#### INFORMATION GIVEN:
* * * *

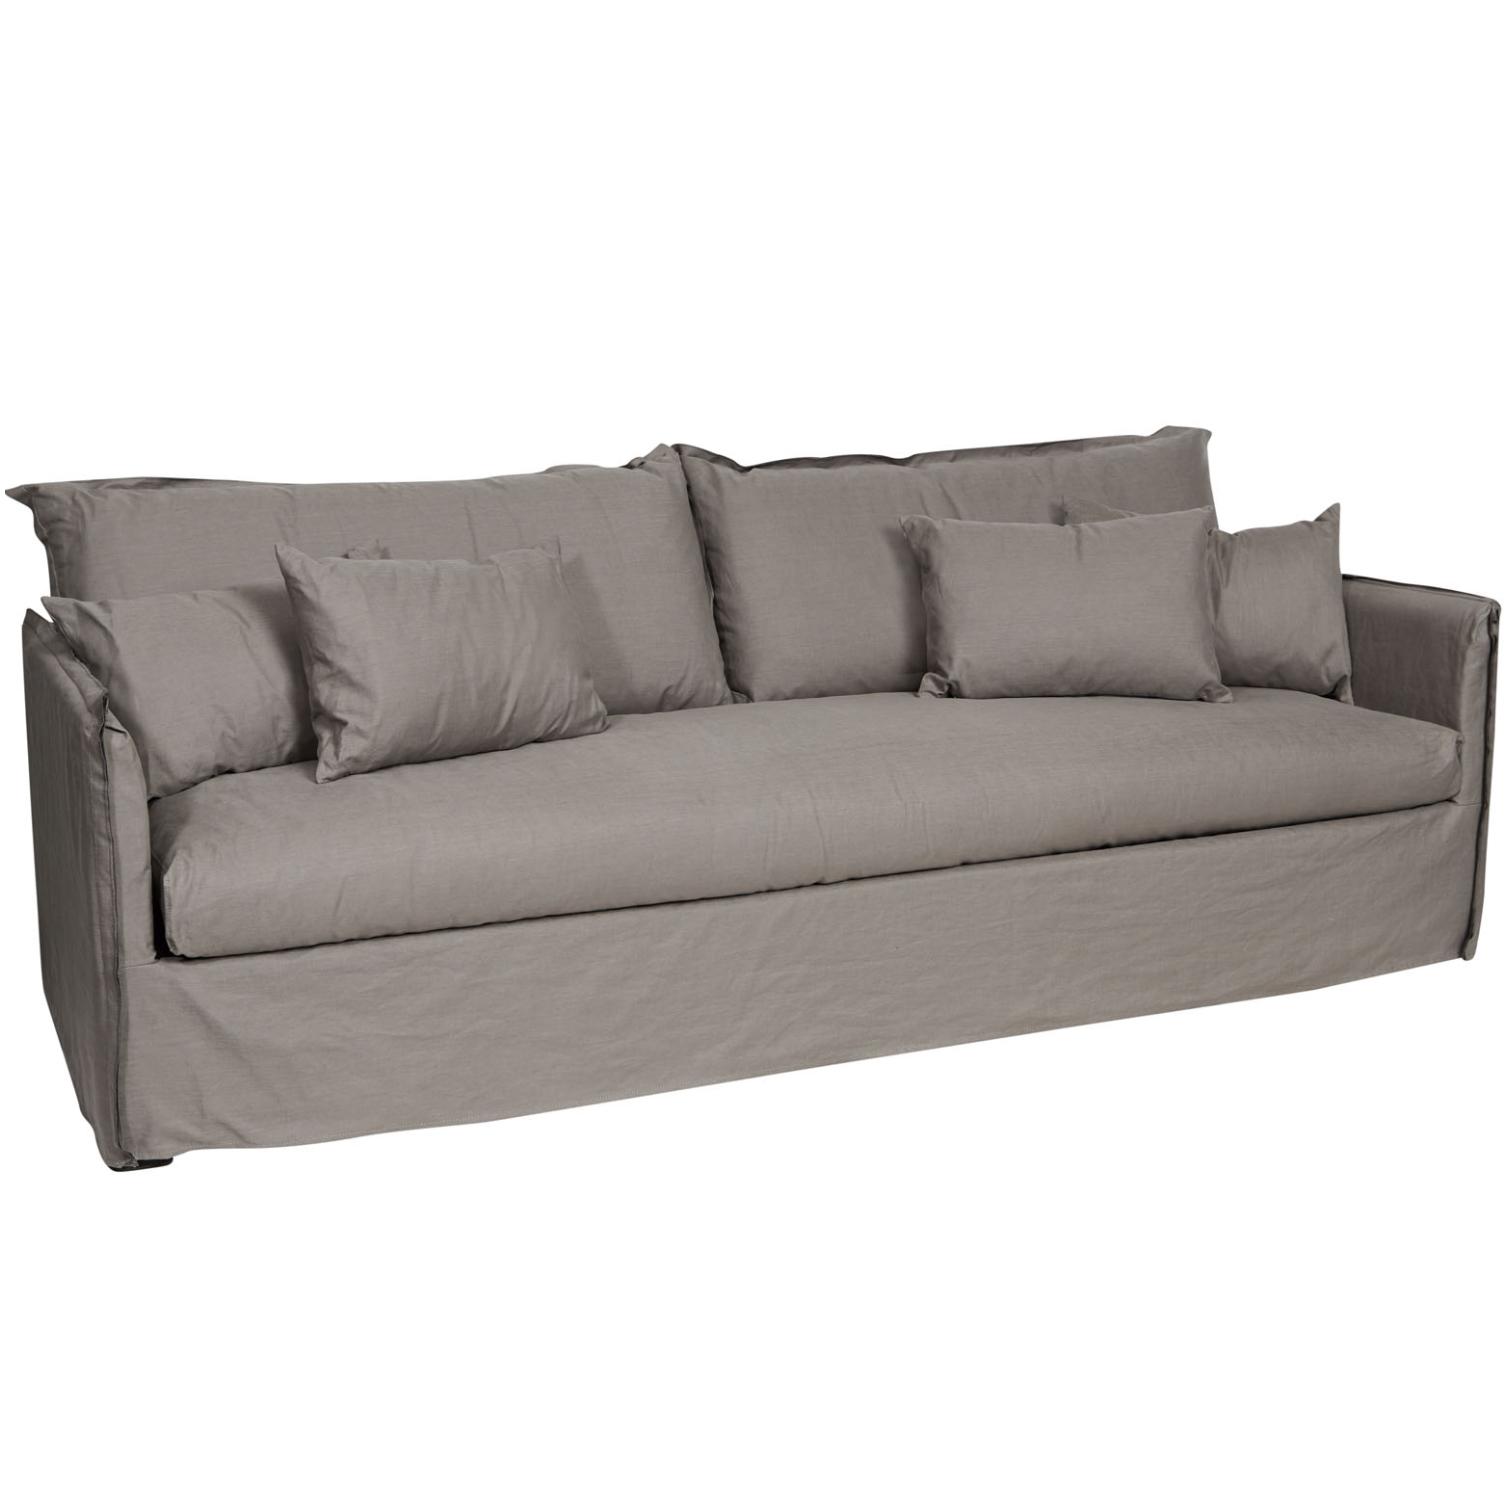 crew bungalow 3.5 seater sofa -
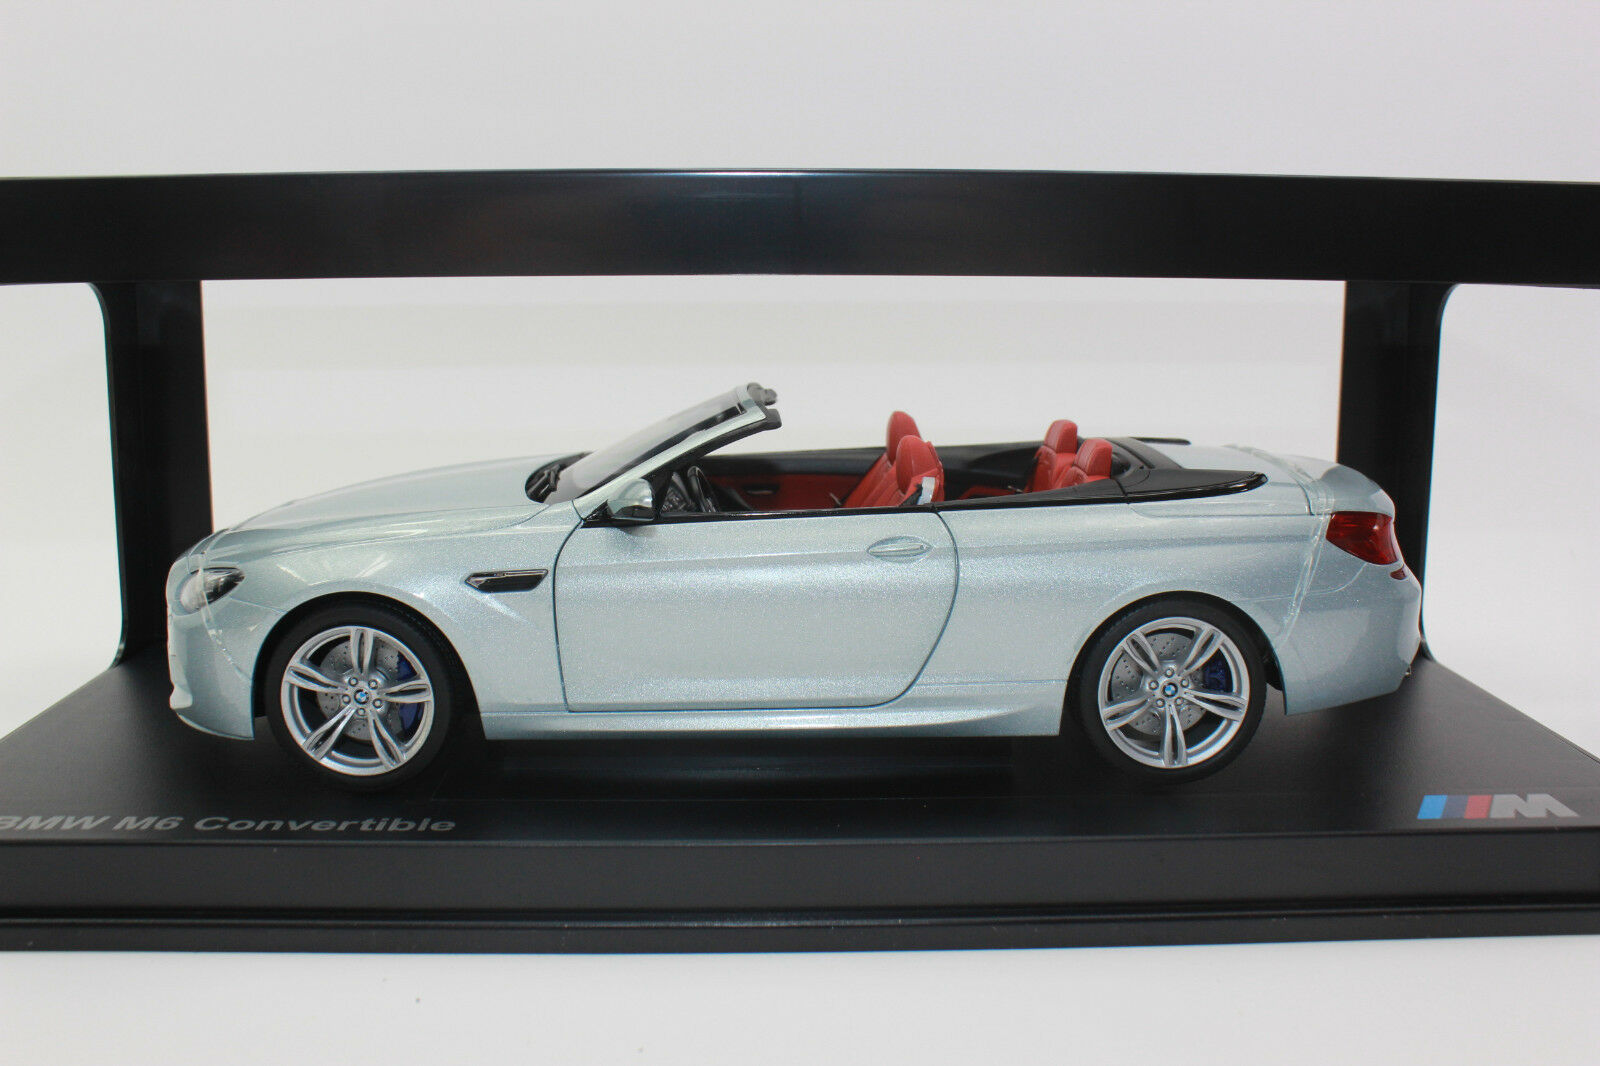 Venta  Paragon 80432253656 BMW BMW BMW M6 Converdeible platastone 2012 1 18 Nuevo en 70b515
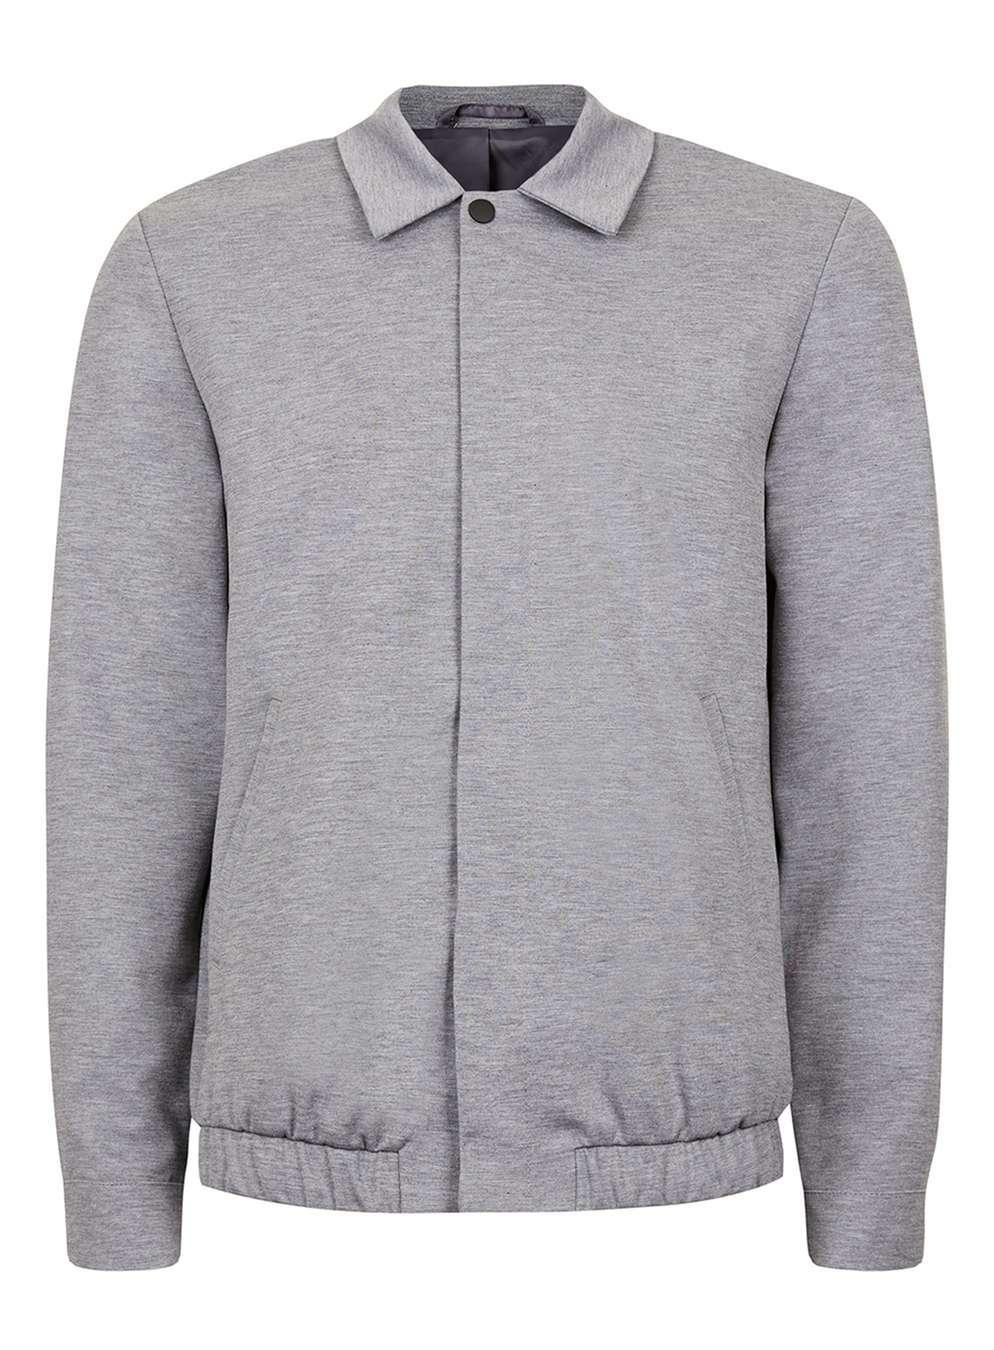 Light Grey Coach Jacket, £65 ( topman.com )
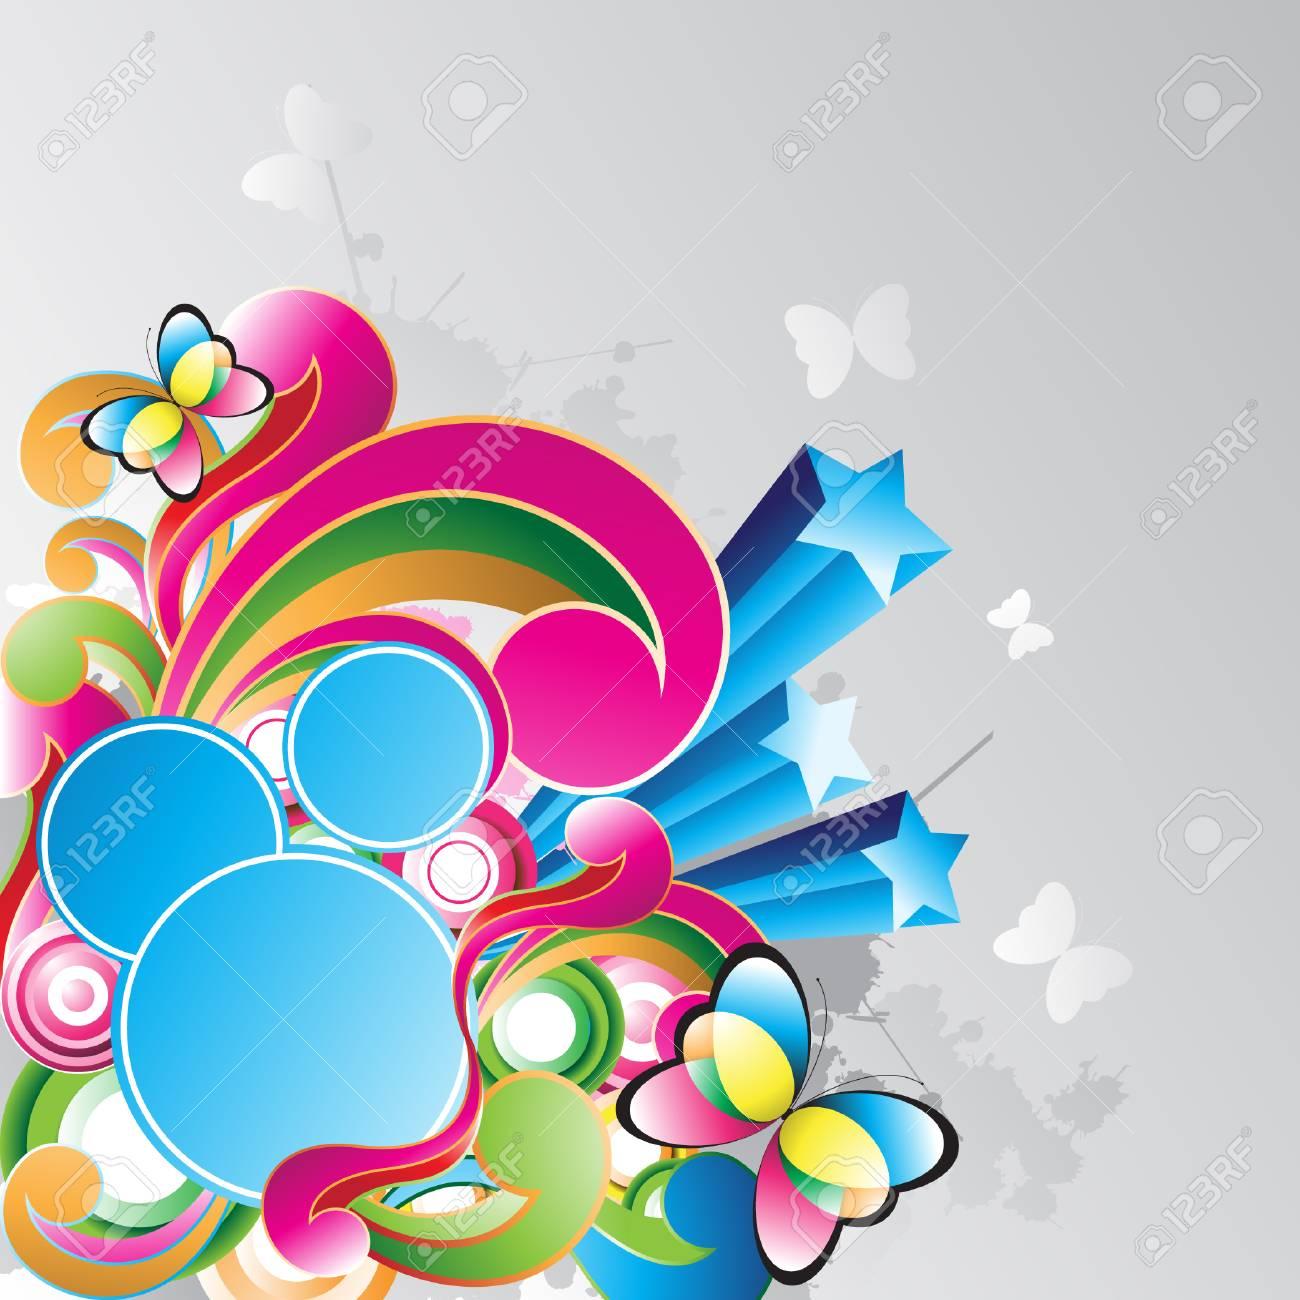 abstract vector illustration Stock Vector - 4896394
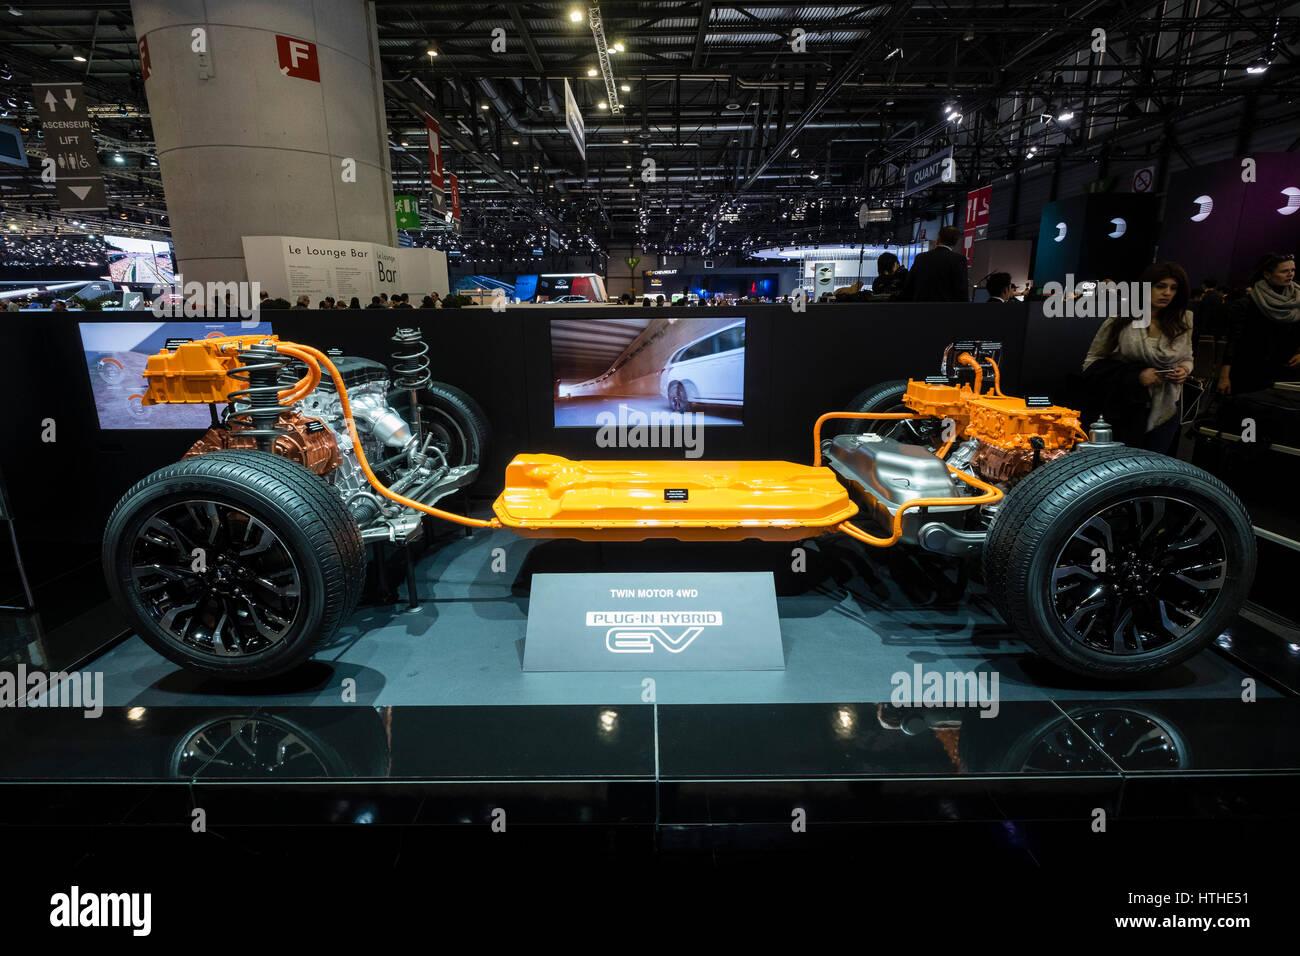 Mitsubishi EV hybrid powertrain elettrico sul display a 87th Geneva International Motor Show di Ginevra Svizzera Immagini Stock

* * * *

#### PROBLEM DESCRIPTION:
Transcribe every entry exactly. Leave out the pictures.

#### TASK RESULT:
 crew bungalow 3.5 seater sofa -
 Venta  Paragon 80432253656 BMW BMW BMW M6 Converdeible platastone 2012 1 18 Nuevo en 70b515
 Light Grey Coach Jacket, £65 ( topman.com )
 abstract vector illustration Stock Vector - 4896394
 Mitsubishi EV hybrid powertrain elettrico sul display a 87th Geneva International Motor Show di Ginevra Svizzera Immagini Stock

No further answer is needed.